So Friday and today I have had little to no anxiety at all. When my anxiety started to tap me on the shoulder I was able to quickly swat it away and continue with my day.
Of course each night going to bed I feel a touch of anxiousness because Im afraid I will wake up in the morning with anxiety.
I kept my guard up very well the past couple of days and now I let my guard somehow and I am feeling the beginnings of anxiety again.
Today its a bump on my tongue that my mind absolutely tells me is cancer and I should be concerned. I do smoke and am trying to quit but for so long smoking has been my coping…..I need to find a replacement.
Constantly worrying about cancer and dying is new for me…in the past it has usually focused on other things. Im terrified of the dentist and I had a lot of dental work that needed to be done because I kept putting it off. So I was obsessing and checking and having anxiety about my teeth all day long. It got to the point that I was checking my teeth up to 50 times a day making sure I didnt crack a tooth and making sure all my teeth were all ok. I conquered my fear and got all my dental work but one cavity filled and the anxiety about that went away.
I think my mind copes with things by obsessing and checking and rechecking. I know I am having anxiety about smoking because I know its harmful to me.
Before I obsessed about my teeth it was about having to use the restroom in public. I dont mind going #1 but #2 in public or bathrooms that are not my own causes extreme panic and anxiety.
I know I need to quit smoking but I also know that once I do my mind will continue to find other things wrong with me.
It feels so depressing and scary to think I will have to constantly battle this anxiety….Im ready to stop being scared and ready to start living.
My anxiety first showed its self when I was 7. I was spending the night at a friends house and my friends dad told us in a rough voice to pick up the bedroom. And next thing I knew I had a stomach ache. I felt sick to my stomach and wanted to cry and just go home. I called my mom and my mom picked me up and as soon as I got home my stomach ache went away and I was fine.
This same anxiety about spending the night at other peoples house continued on to my nanas house and I had anxiety staying there also. Still to this day I cant spend the night at anyones house. This has caused problems in my relationships because I get anxiety attacks when I have to spend the night at my inlaws house. My exhusbands family lives in Chicago and I never went with to visit them because I knew I would be spending the night at there house.
So I guess I have been dealing with anxiety in some form since I was 7. It has truly ruled my life…and I dont know how it got this bad…..I dont know how I could have alloweed myself to let it get this bad. I feel very ashamed about it.
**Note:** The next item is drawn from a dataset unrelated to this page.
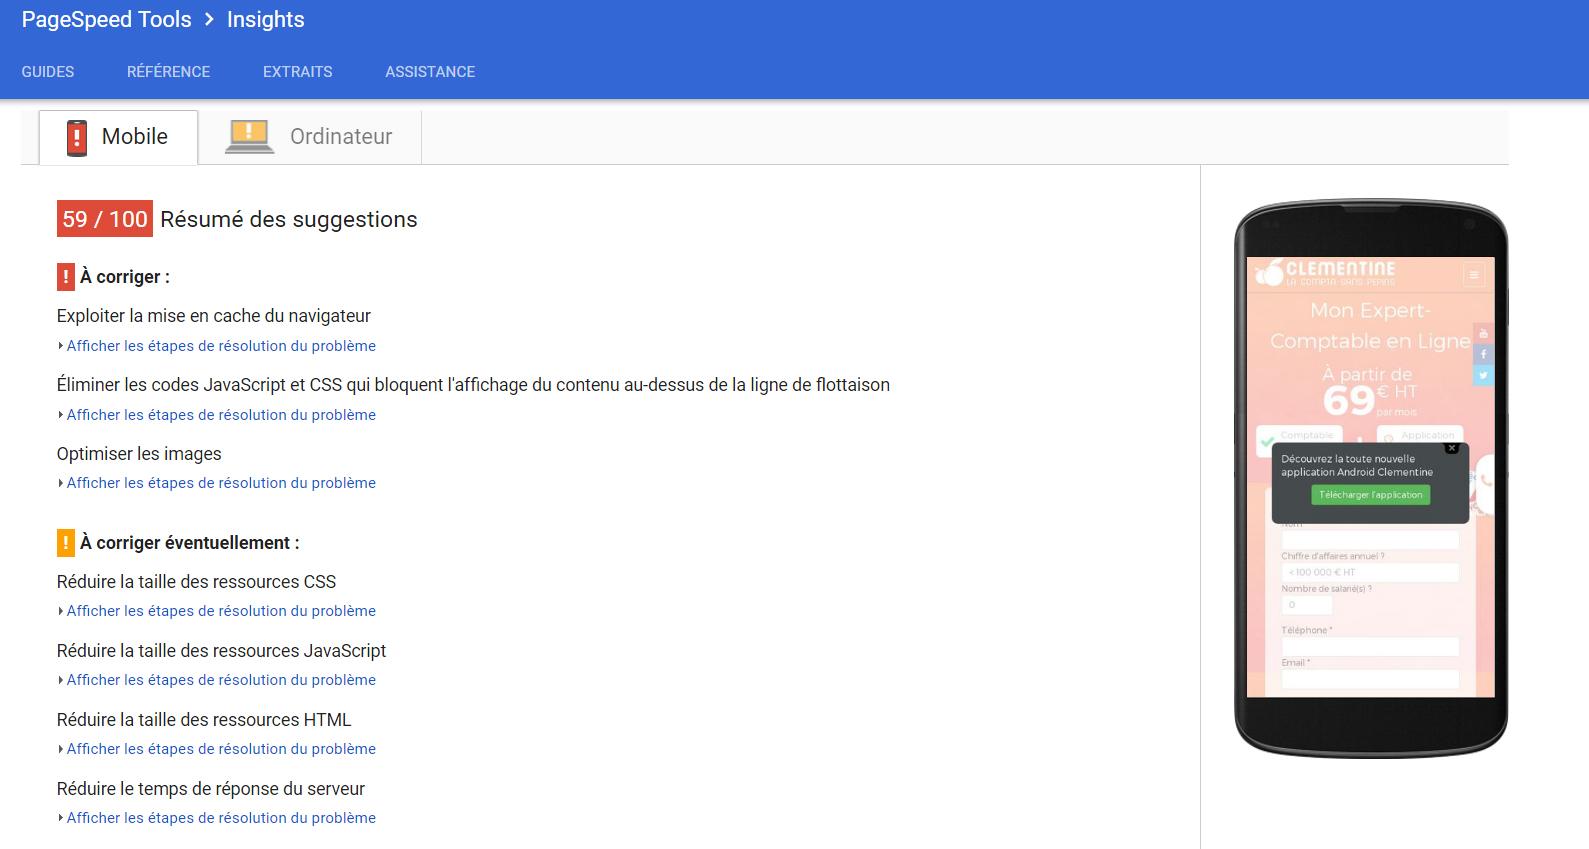 Test d'une page sur l'outil Google PageSpeed Insights

Why cant I just spend the night, or take a crap in public places and stop having anxiety.
I dont feel like I have lived my life.
I recently had a classmate pass away…Im only 27. This is the 8th classmate to die and Im realizing now that at any point I could die, and this terrifies me.
I have known a lot of people who have had cancer and a few that have died from it……Im so afraid I will give myself cancer by smoking. Even if I quit I will have the anxiety of knowing I may later get cancer.